Task brief: Look below for the line that has "エアロパーツ Flat Black"; output exactly from it through the line that has "Graduaciones UVG 2019", and leave the pictures out.

Records supplied:
>>

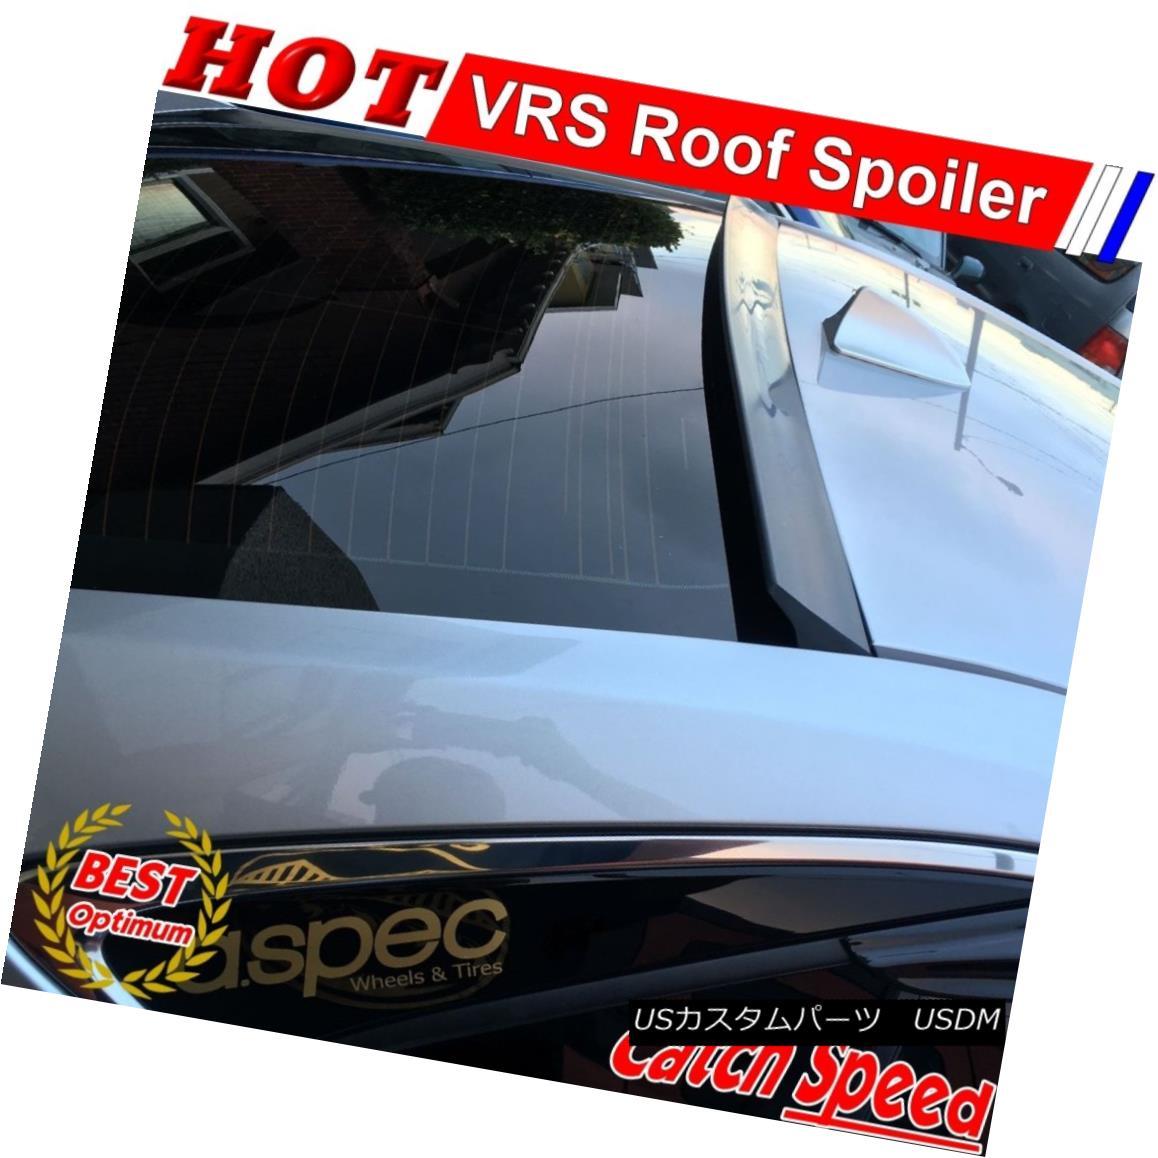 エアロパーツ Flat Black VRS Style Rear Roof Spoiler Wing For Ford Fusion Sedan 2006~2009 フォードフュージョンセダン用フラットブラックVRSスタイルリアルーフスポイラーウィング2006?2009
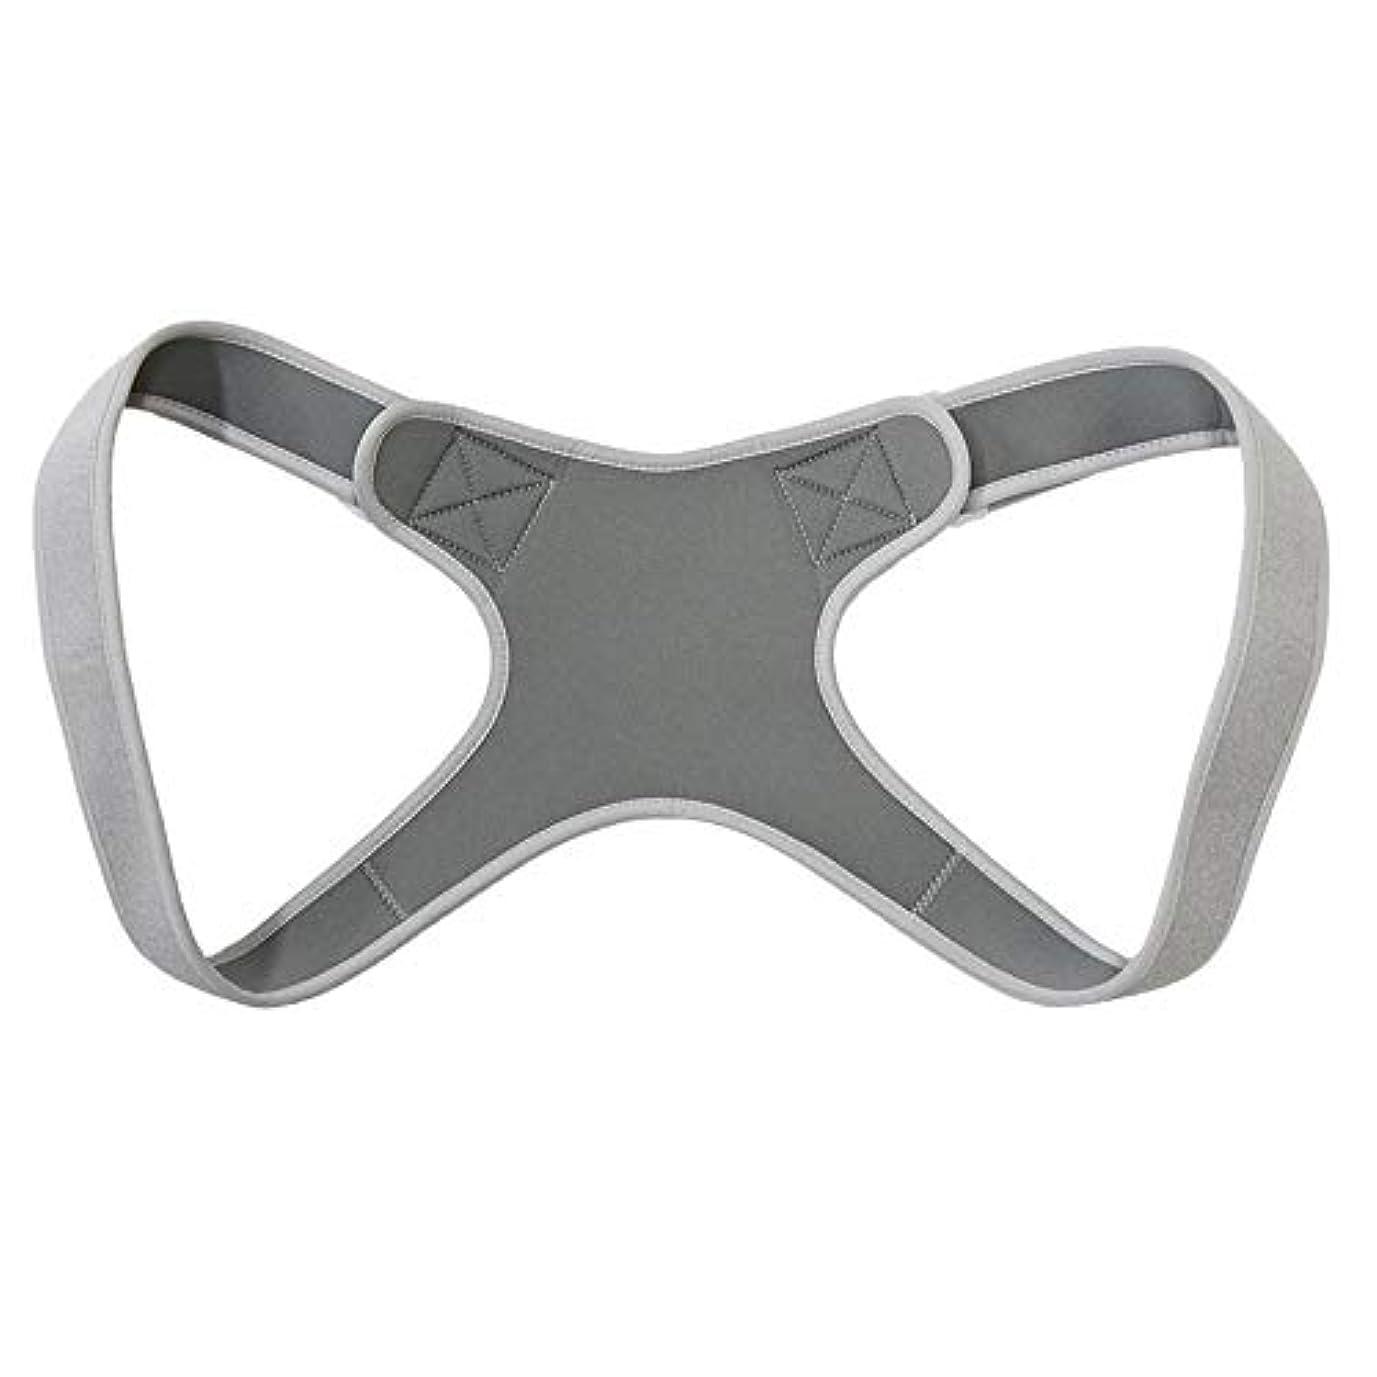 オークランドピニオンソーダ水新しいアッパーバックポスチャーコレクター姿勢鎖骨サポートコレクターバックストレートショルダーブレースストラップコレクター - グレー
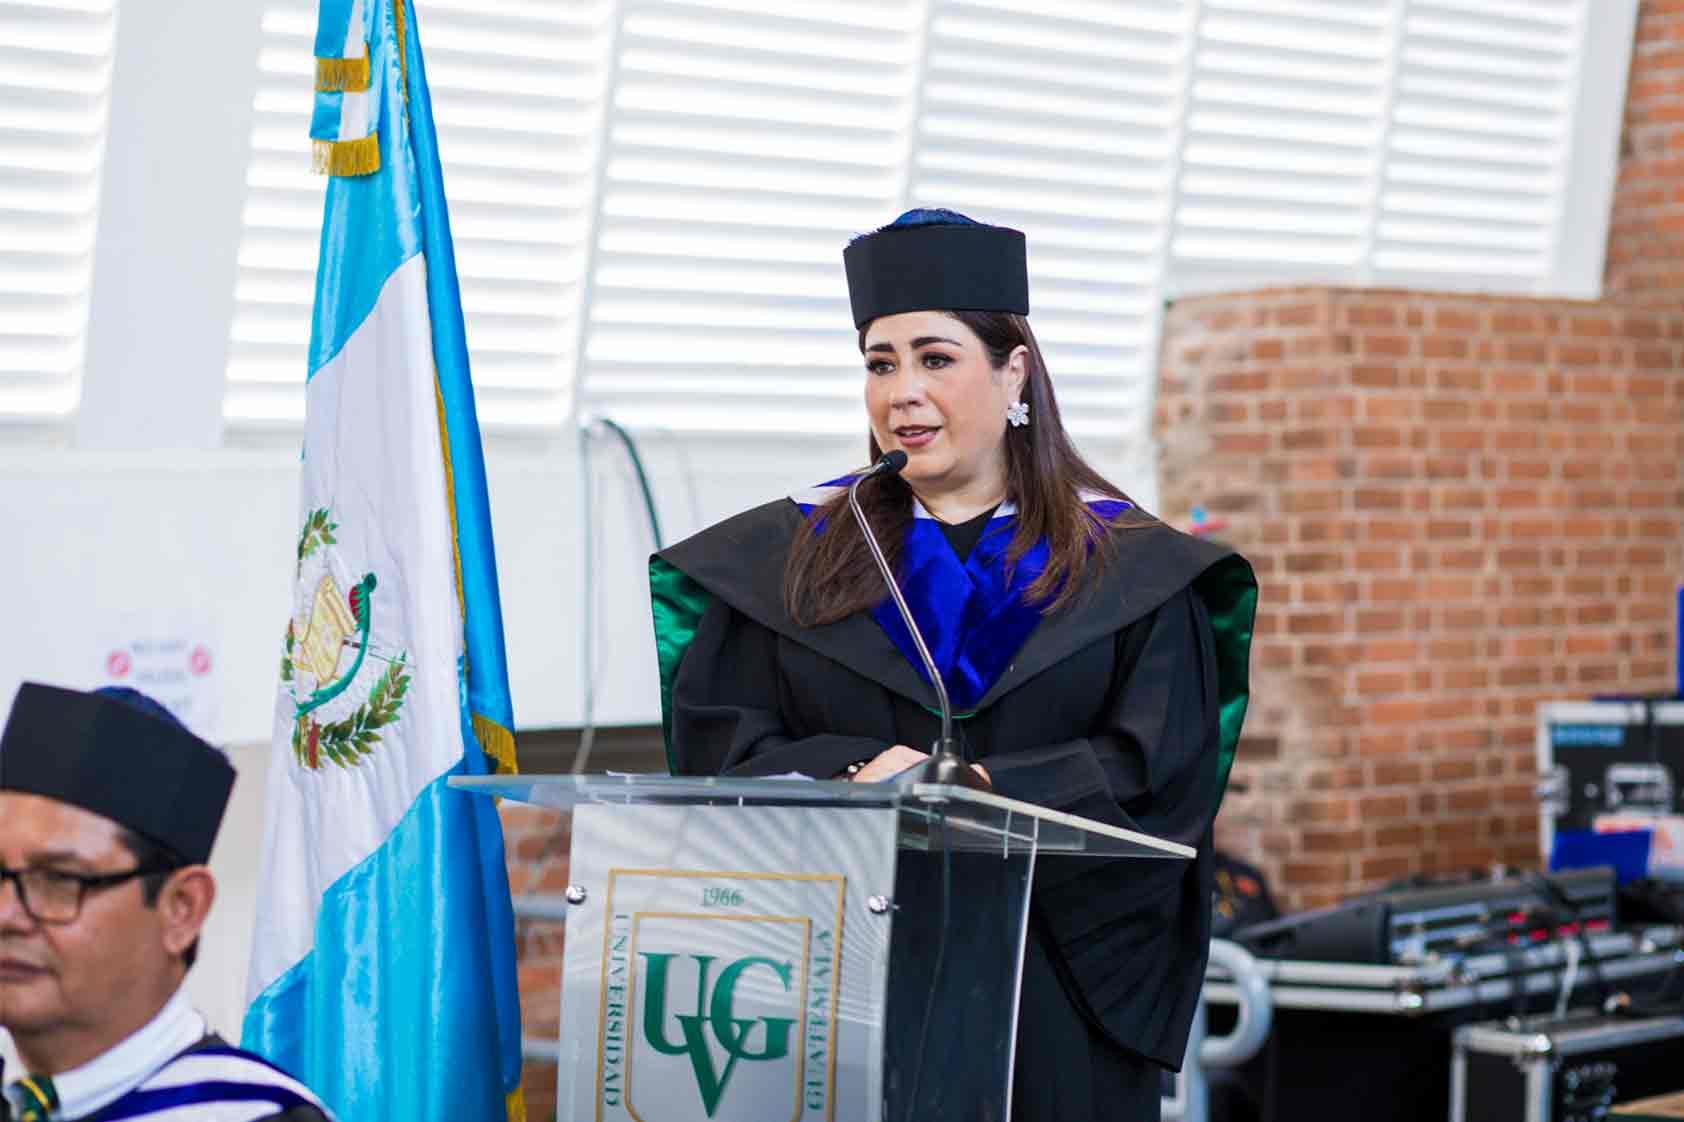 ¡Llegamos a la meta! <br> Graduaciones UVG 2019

<<
>>

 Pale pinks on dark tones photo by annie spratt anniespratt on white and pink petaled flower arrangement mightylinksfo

<<
>>

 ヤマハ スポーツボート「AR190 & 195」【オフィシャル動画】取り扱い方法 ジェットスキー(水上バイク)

<<

Answer to this task:
 エアロパーツ Flat Black VRS Style Rear Roof Spoiler Wing For Ford Fusion Sedan 2006~2009 フォードフュージョンセダン用フラットブラックVRSスタイルリアルーフスポイラーウィング2006?2009
 オークランドピニオンソーダ水新しいアッパーバックポスチャーコレクター姿勢鎖骨サポートコレクターバックストレートショルダーブレースストラップコレクター - グレー
 ¡Llegamos a la meta! <br> Graduaciones UVG 2019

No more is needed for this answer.